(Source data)
╭──

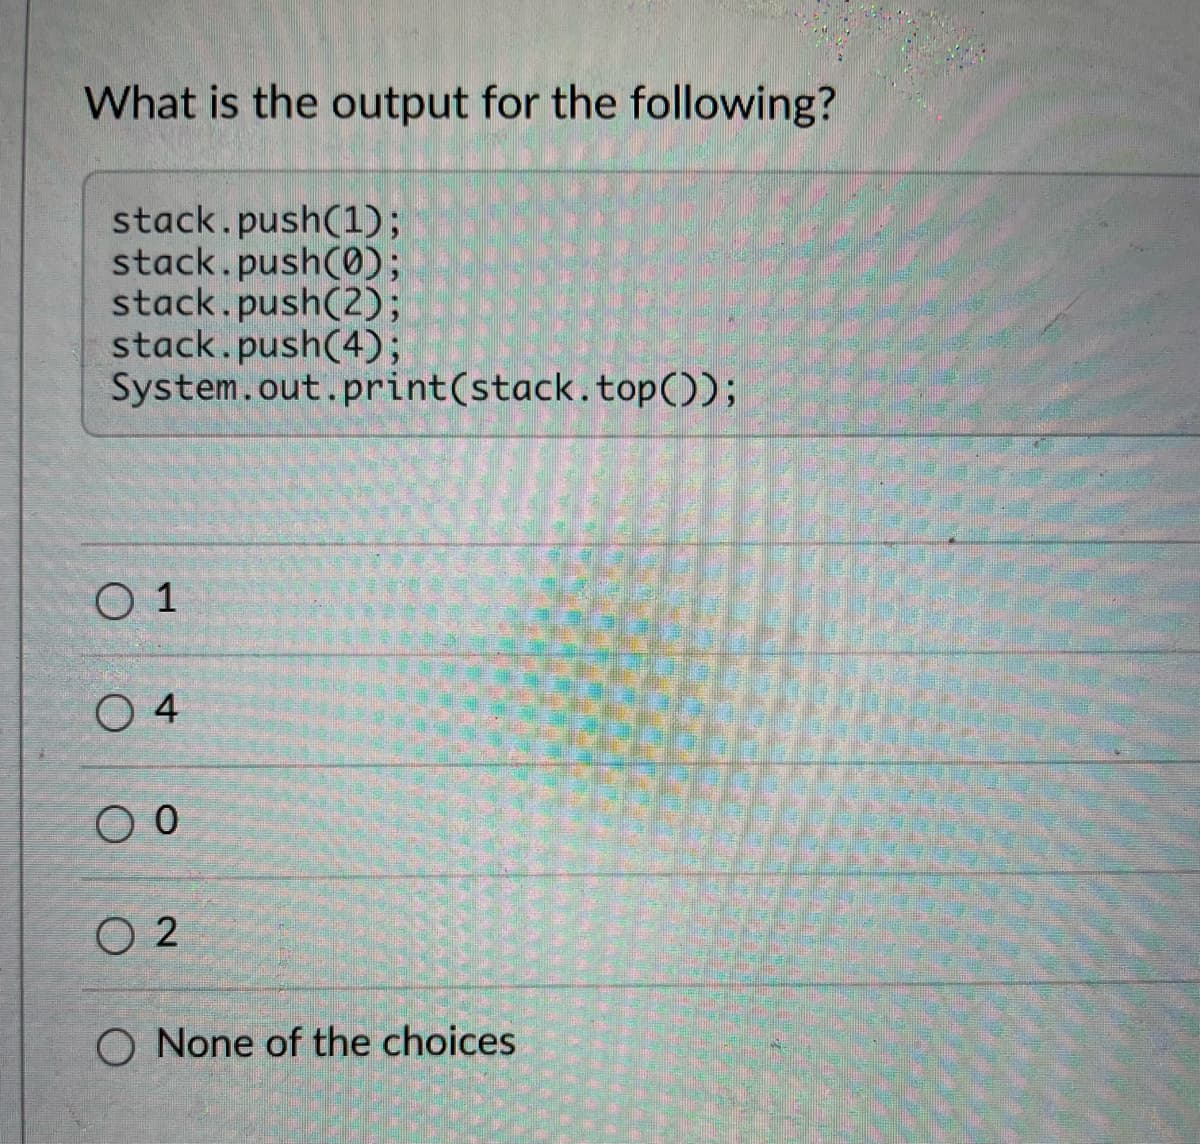 What is the output for the following?
stack.push(1);
stack.push(0);
stack.push(2);
stack.push(4);
System.out.print(stack.top();
O 1
O 4
O 2
O None of the choices
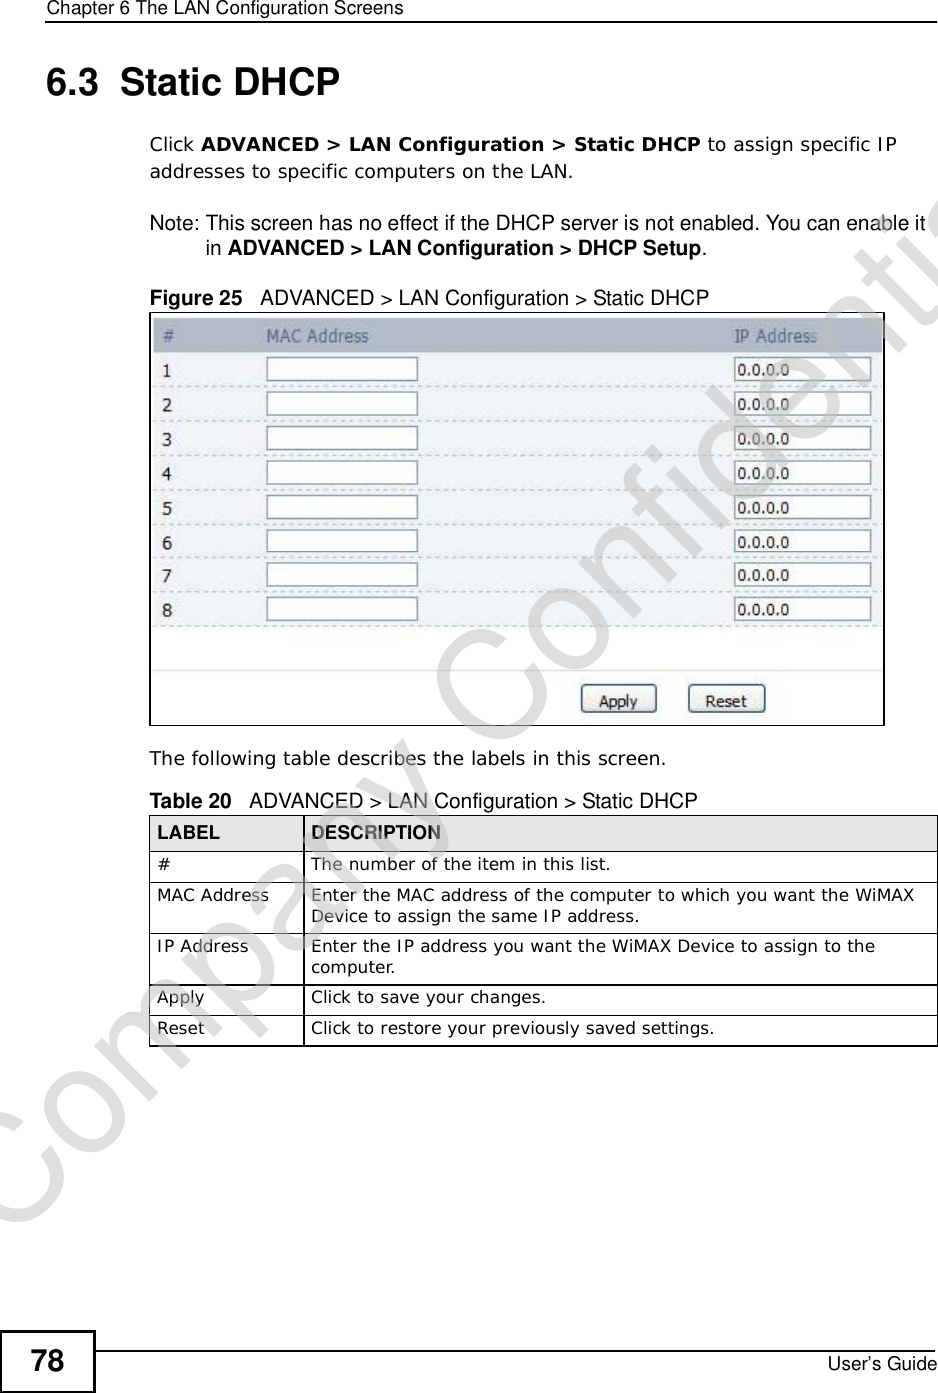 Chapter 6The LAN Configuration ScreensUser’s Guide786.3  Static DHCPClick ADVANCED &gt; LAN Configuration &gt; Static DHCP to assign specific IP addresses to specific computers on the LAN.Note: This screen has no effect if the DHCP server is not enabled. You can enable it in ADVANCED &gt; LAN Configuration &gt; DHCP Setup.Figure 25   ADVANCED &gt; LAN Configuration &gt; Static DHCPThe following table describes the labels in this screen. Table 20   ADVANCED &gt; LAN Configuration &gt; Static DHCPLABEL DESCRIPTION#The number of the item in this list.MAC Address Enter the MAC address of the computer to which you want the WiMAX Device to assign the same IP address.IP Address Enter the IP address you want the WiMAX Device to assign to the computer.Apply Click to save your changes.Reset Click to restore your previously saved settings.Company Confidential
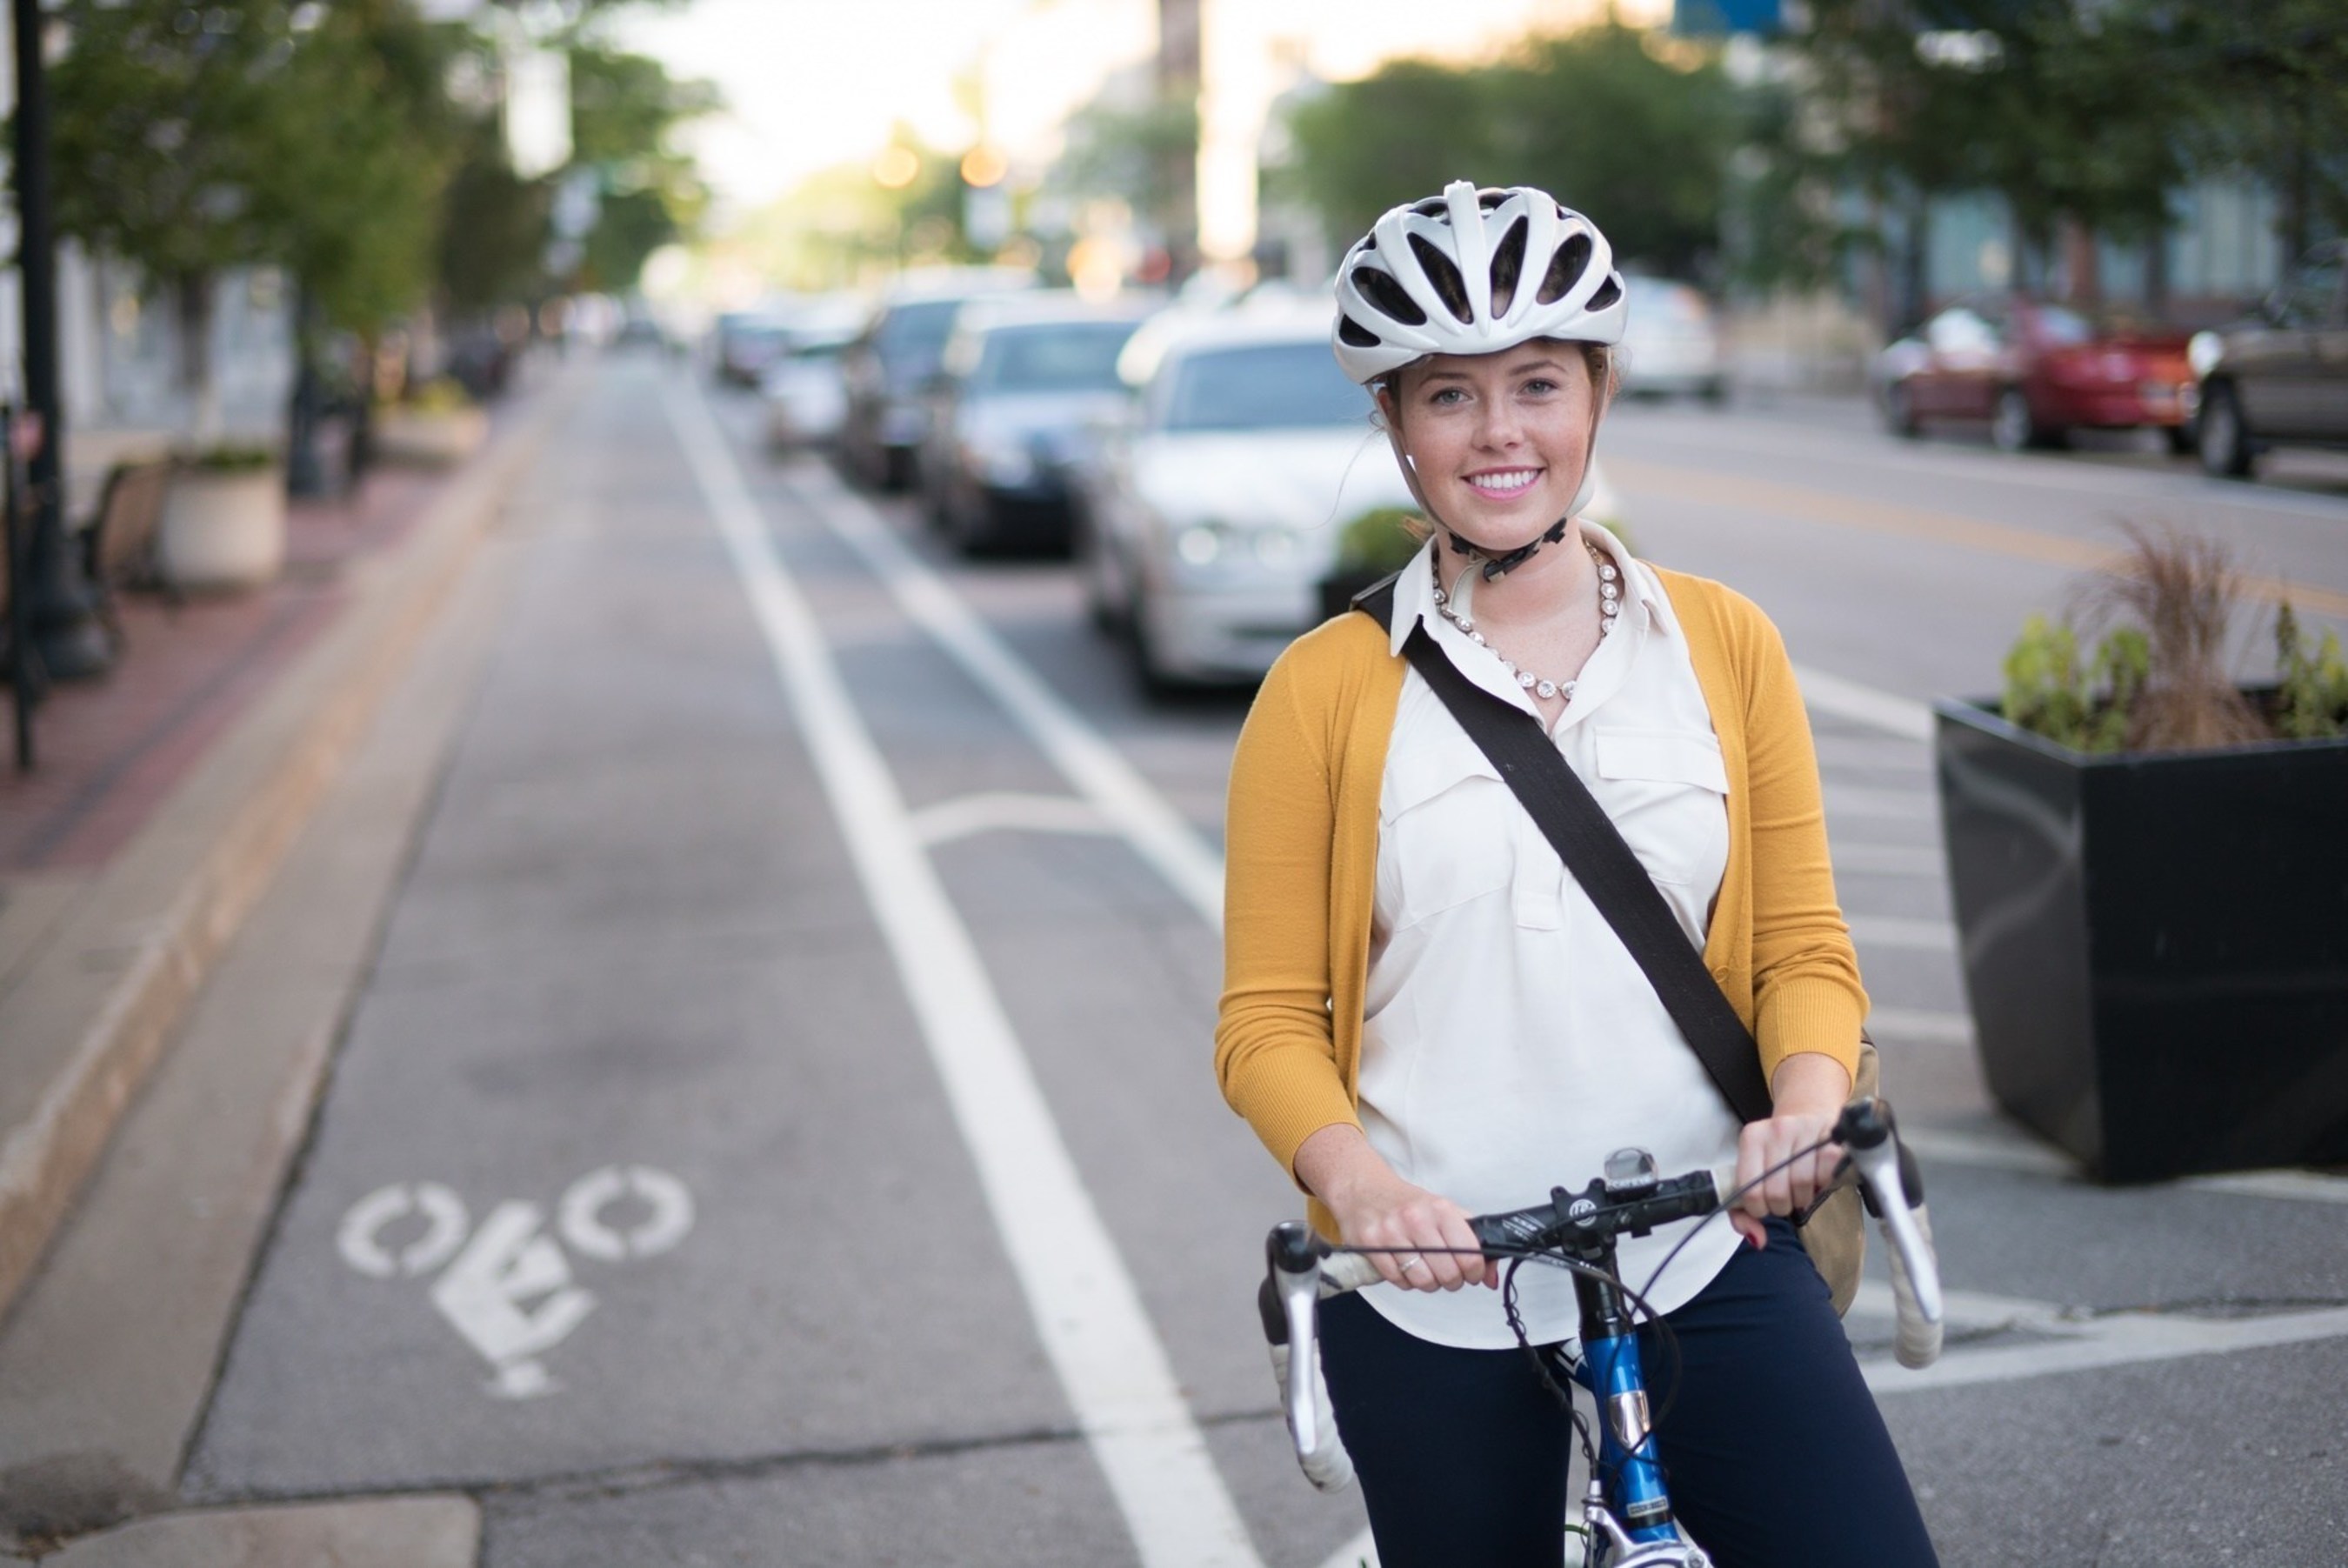 Katie Ramsey commutes along 3rd Street in Cedar Rapids, Iowa. With support from Blue Zones Project, Cedar Rapids introduced one of Iowa's first protected bike lanes in 2015.

╰──

Exercise goal: Nothing but the lines above from the one containing "stack.push(2);" through the one containing "O None of the choices" should appear in the answer, each repeated exactly.

Completed task:
stack.push(2);
stack.push(4);
System.out.print(stack.top();
O 1
O 4
O 2
O None of the choices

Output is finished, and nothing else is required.